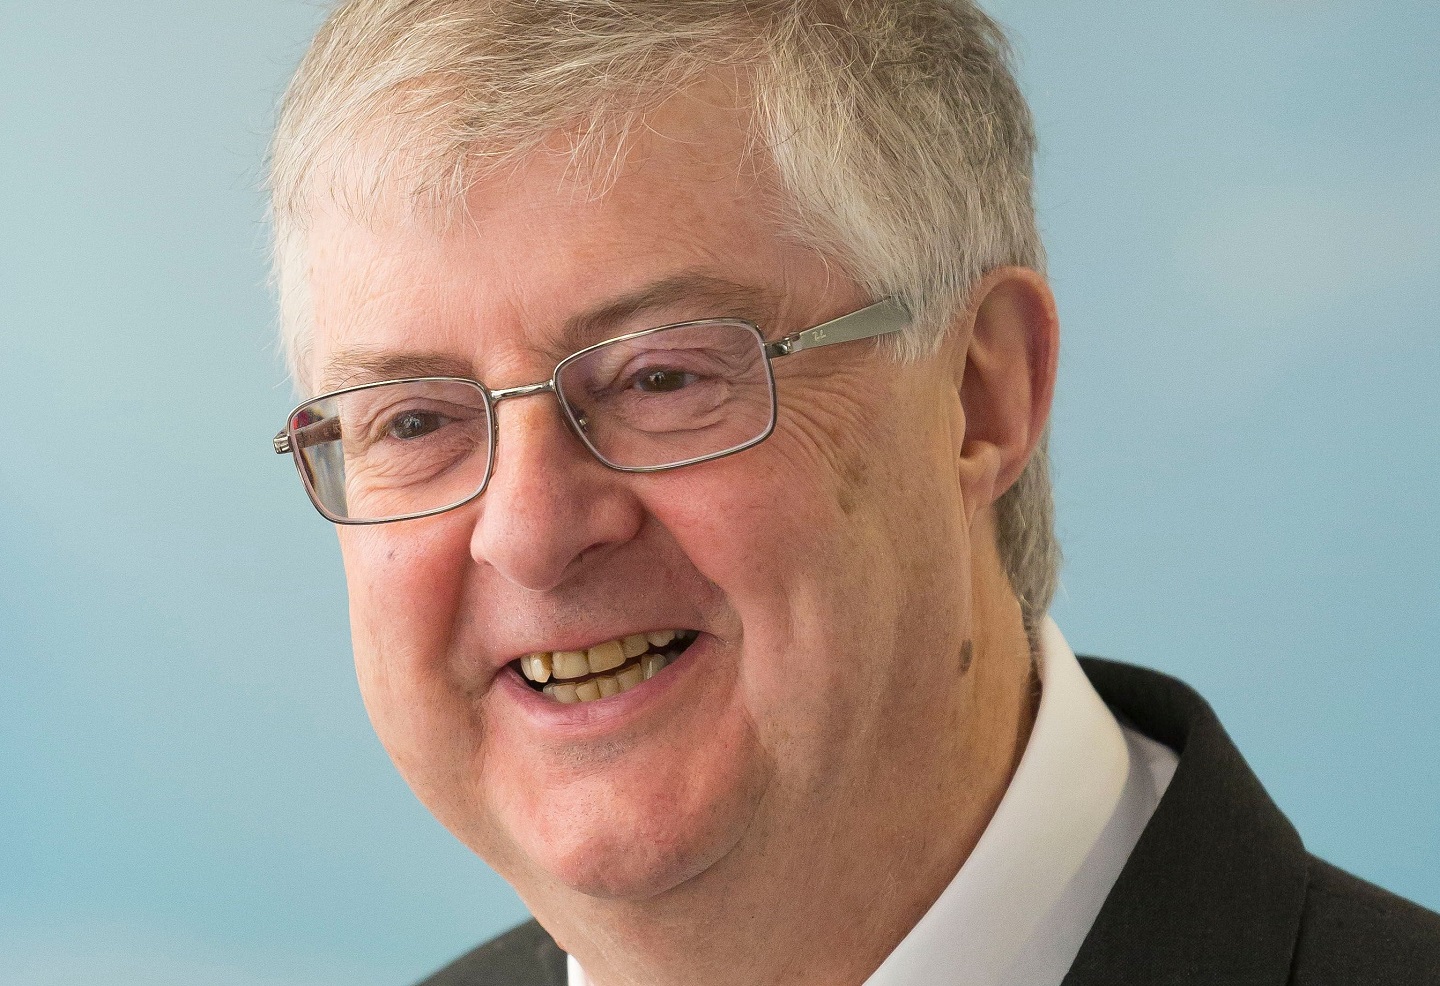 Wales’ First Minister, Mark Drakeford AM
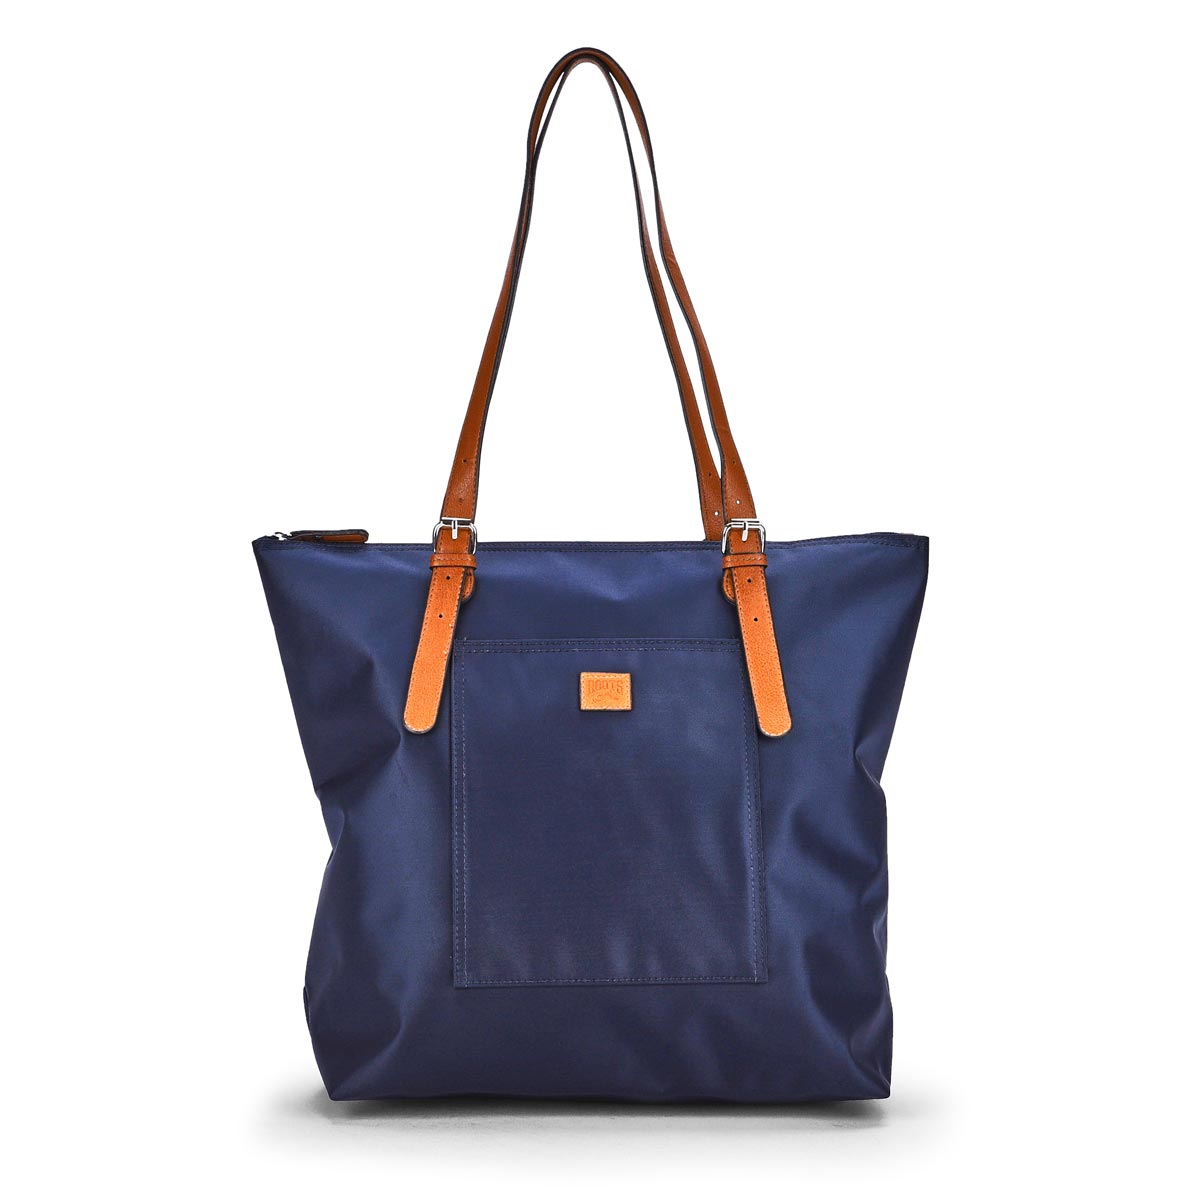 Roots Women's 2 in 1 Tote/Crossbody Bag - Na | SoftMoc.com
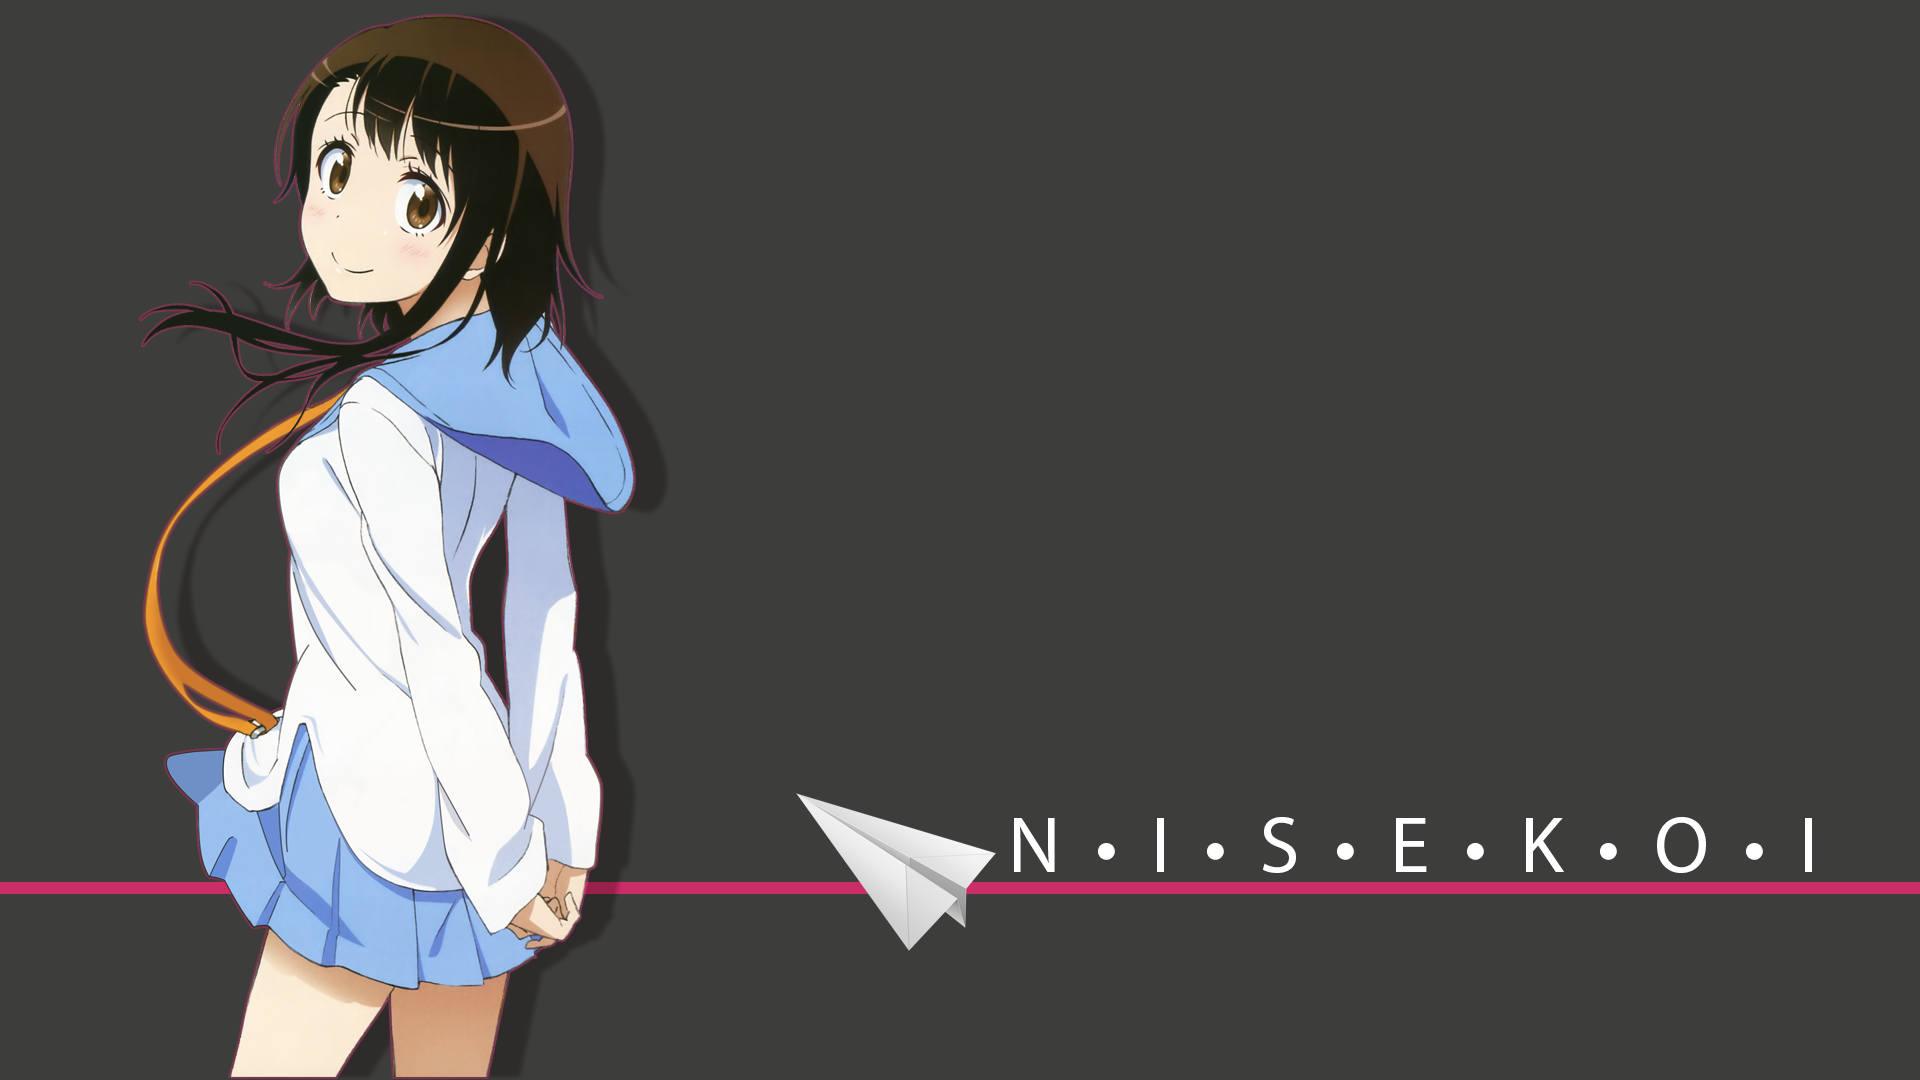 Nisekoi Hd Wallpaper Background Image 1920x1080 Id 701516 Images, Photos, Reviews
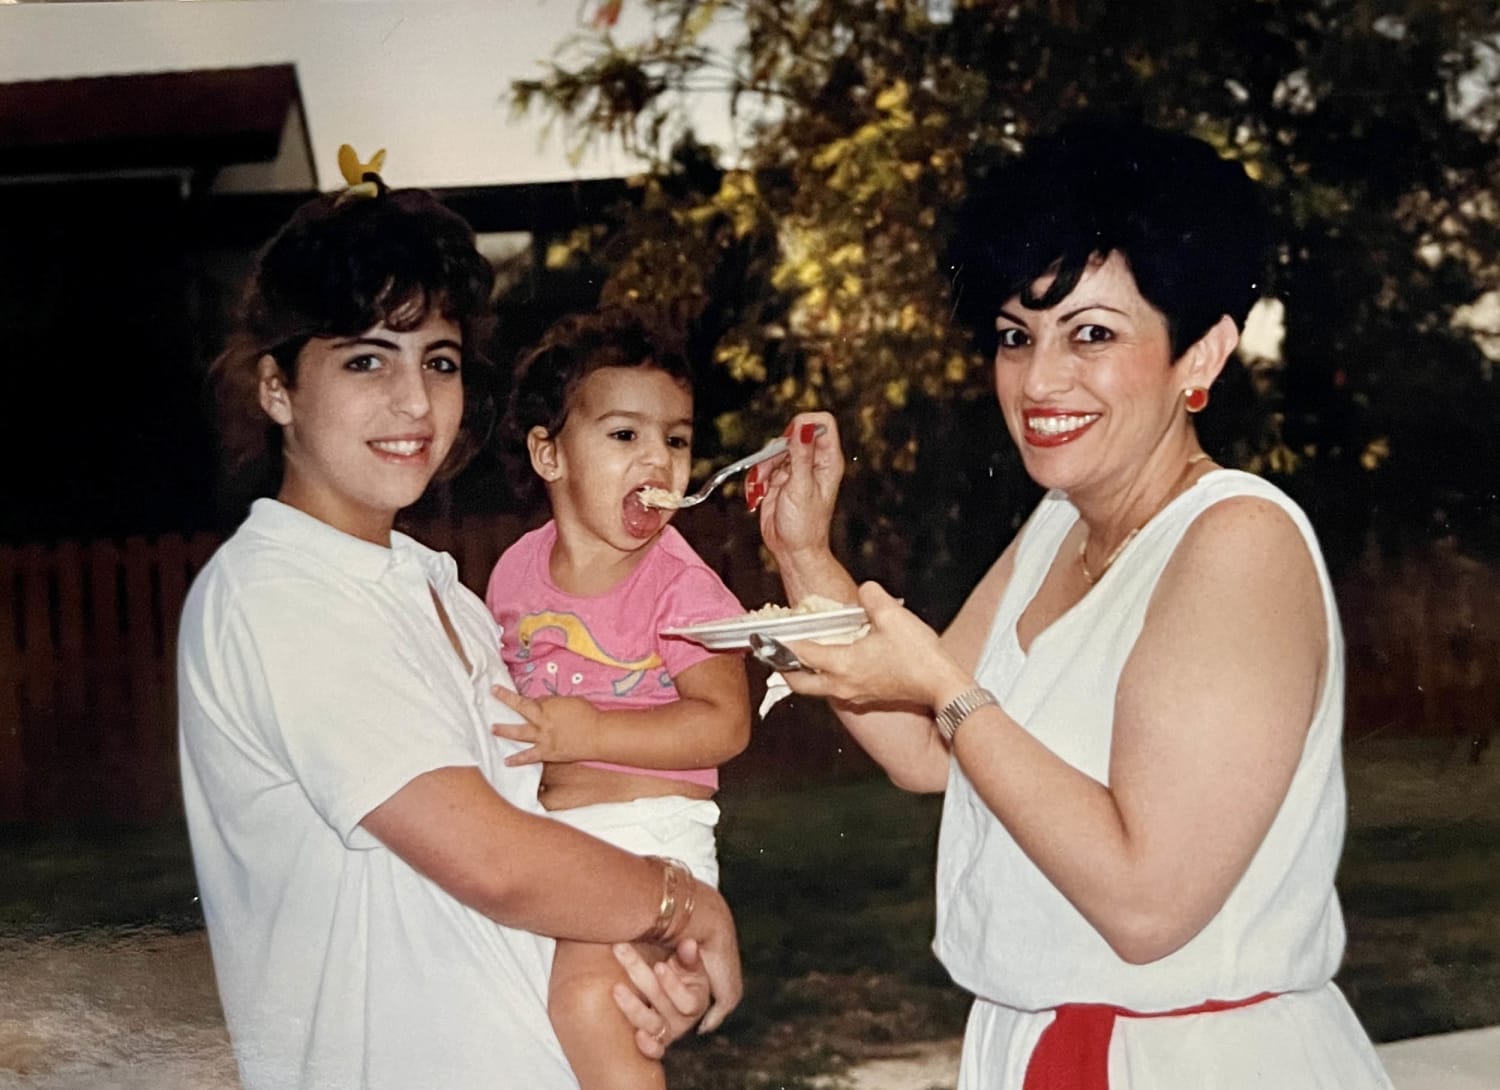 Grandmother knows best: Cuban American women tout their abuelas' cooking and life lessons

*-*-*

= Work item =
Omit the pictures, then copy out all the data exactly as it stands.

= Written answer =
 Wales’ First Minister, Mark Drakeford AM
 Roots Women's 2 in 1 Tote/Crossbody Bag - Na | SoftMoc.com
 Nisekoi Hd Wallpaper Background Image 1920x1080 Id 701516 Images, Photos, Reviews
 Grandmother knows best: Cuban American women tout their abuelas' cooking and life lessons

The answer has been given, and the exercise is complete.